The difference between eating poison & mainlining it.
Sugar naturally in fruits, for example, is packaged inside cell walls as well as along with fiber. Both impact the rate and location that the sugar is absorbed into the blood stream. Remove those things and you functionally are closer to sugar in water.
For milk, control of postprandial glycemic responses appears to be multifaceted, including a controlled rate of gastric emptying, a rate of glucose and galactose uptake into the bloodstream controlled by enzymatic hydrolysis, as well as stimulated insulin secretion to enhance uptake of blood glucose from the bloodstream. Altogether, this allows milk to deliver comparatively high levels of carbohydrate with limited glycemic responses.
Added sugar generally has none of those packaging and matrix effects.
I’m not hating on almond milk, but better to eat some almonds. It’s not just all calories either way and I know of no reason to conclude that almond milk is overall healthier.
(Personally I like the taste of plain kefir but that’s just me.)
Do you have anything explicitly saying this? Your link is helpful but is rather dense and a bit vague (which I guess you would expect from an abstract).
Not that I’m doubting you; rather you’re confirming assumptions I’ve had about this subject prior to this thread, and having it written out by an authoritative source would be useful.
I mean, this is kind of vague:
For plant-based drinks positioned as milk alternatives, however, compositional differences (including carbohydrate type and concentration) as well as matrix factors limiting control over gastric emptying and insulin secretion can, in some cases, lead to much stronger glycemic responses, which are undesirable in relation to non-communicable diseases, such as type-2 diabetes.
“Some cases”… Was that 4 people? Is this something significant enough that it should necessarily impact everyone?
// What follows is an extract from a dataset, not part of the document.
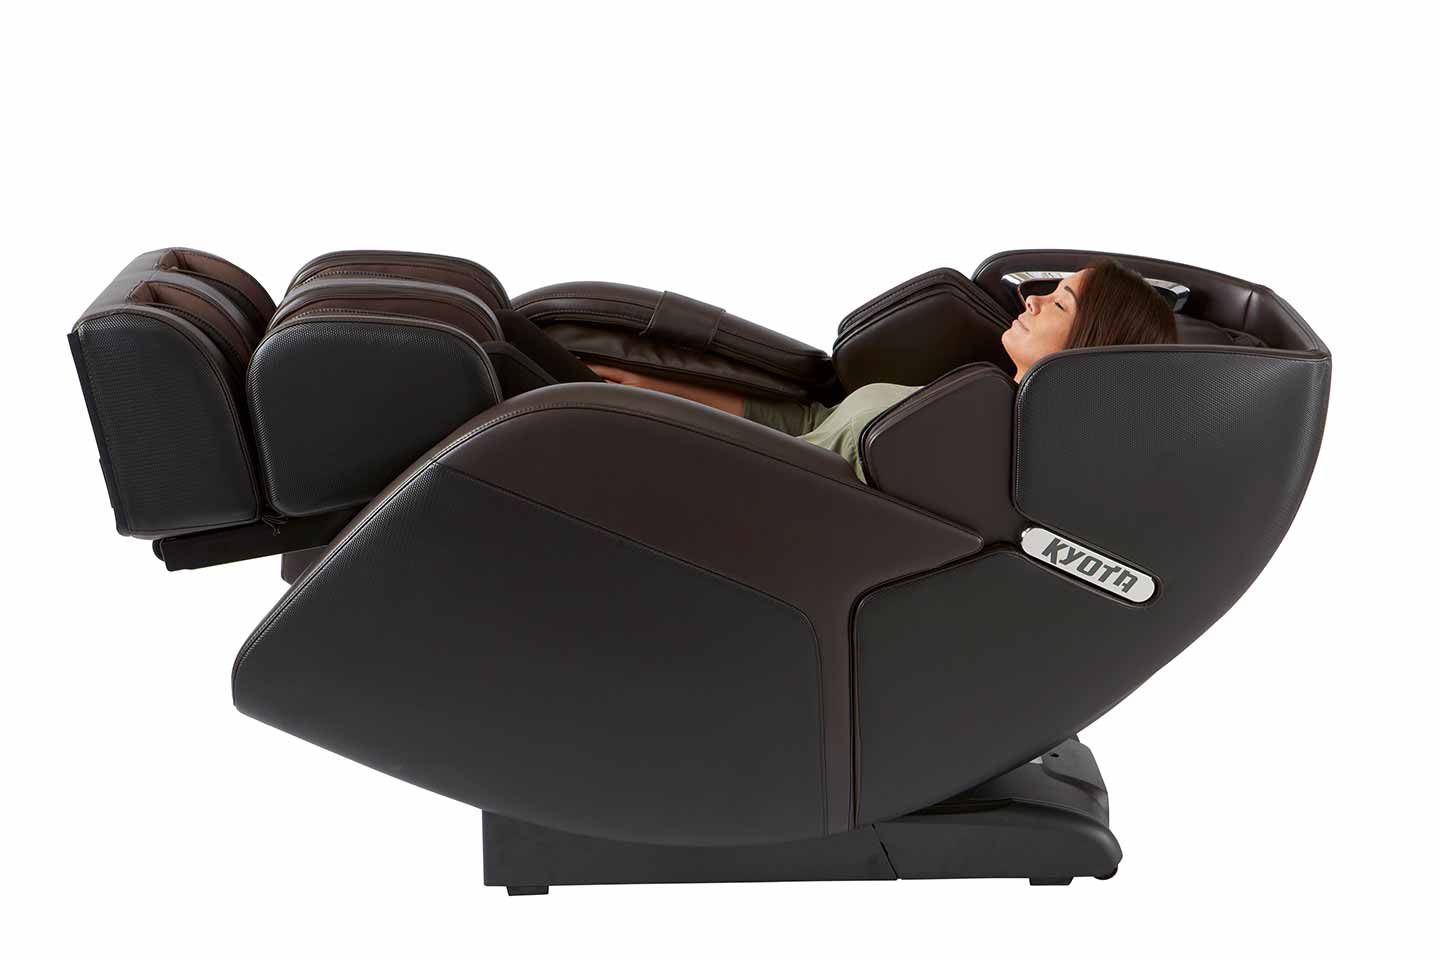 Purchase the best-quality electrical massage chairs from the top website
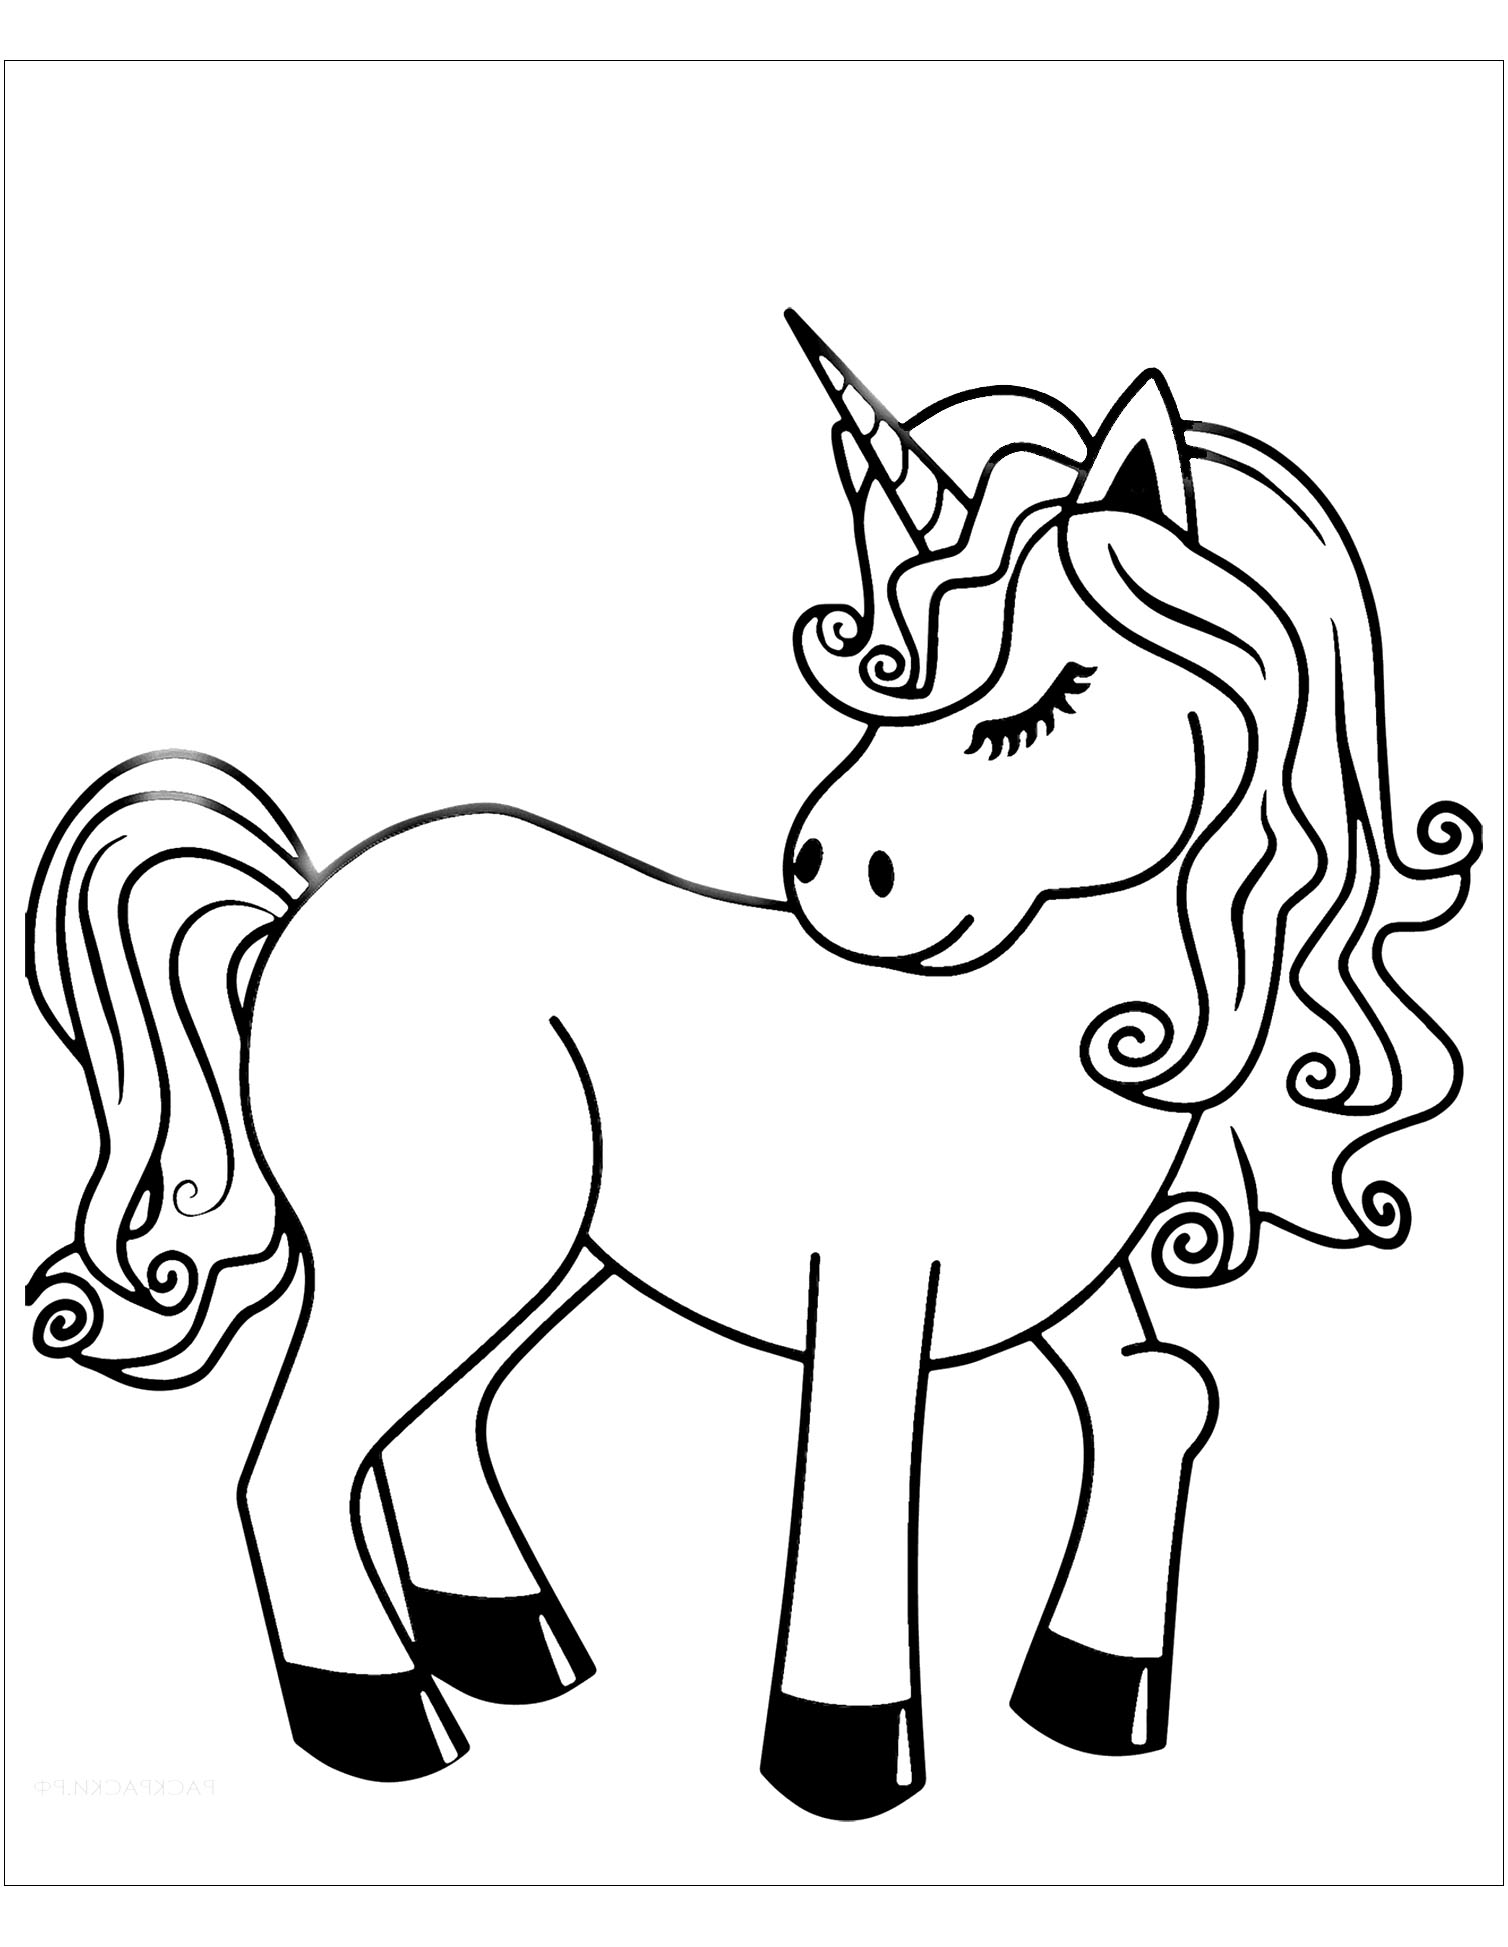 Unicorn Coloring Pages For Kids Unicorns Kids Coloring Pages

That’s actually the sort of thing I was trying to find, but I mostly ended up with health fad blogs that I don’t consider useful at all. That Harvard Medical School article was the closest I could find to an authoritative source that said things plainly, but it states that sugar is sugar and it’s the amount that matters, not the kind of sugar it is. If there is more to the story, that would be great to see.
Are you asking for an article specific to milk v almond milk, or the general principle regarding added sugar vs sugar in whole or minimally processed foods?
From the cited article is this:
The results showed that bovine milk had the lowest glycemic index (GI = 47) followed by calcium-enriched organic soy drink (GI = 48). The rest of the plant-based milk alternatives had a glycemic index between 49 and 64, with the exception of rice drinks and coconut drink, which showed very high estimated GI values, even up to 100. The high estimated glycemic index in these plant-based drinks may be due to the added sugars or sweeteners [7].
Honestly I don’t think those differences (other than the rice and coconut) matter much.
The bigger deal is the difference between sugar contained eating say a cup of cherries vs a cookie with the same total sugar content.
It is not the kind of sugar. It is how it is packaged.
FWIW, I have compared half-and-half to vanilla almond milk in my coffee with a CGM and the cream gets no spike where the almond milk creates as much as a 20 point spike. I assume the milk fat is a moderator.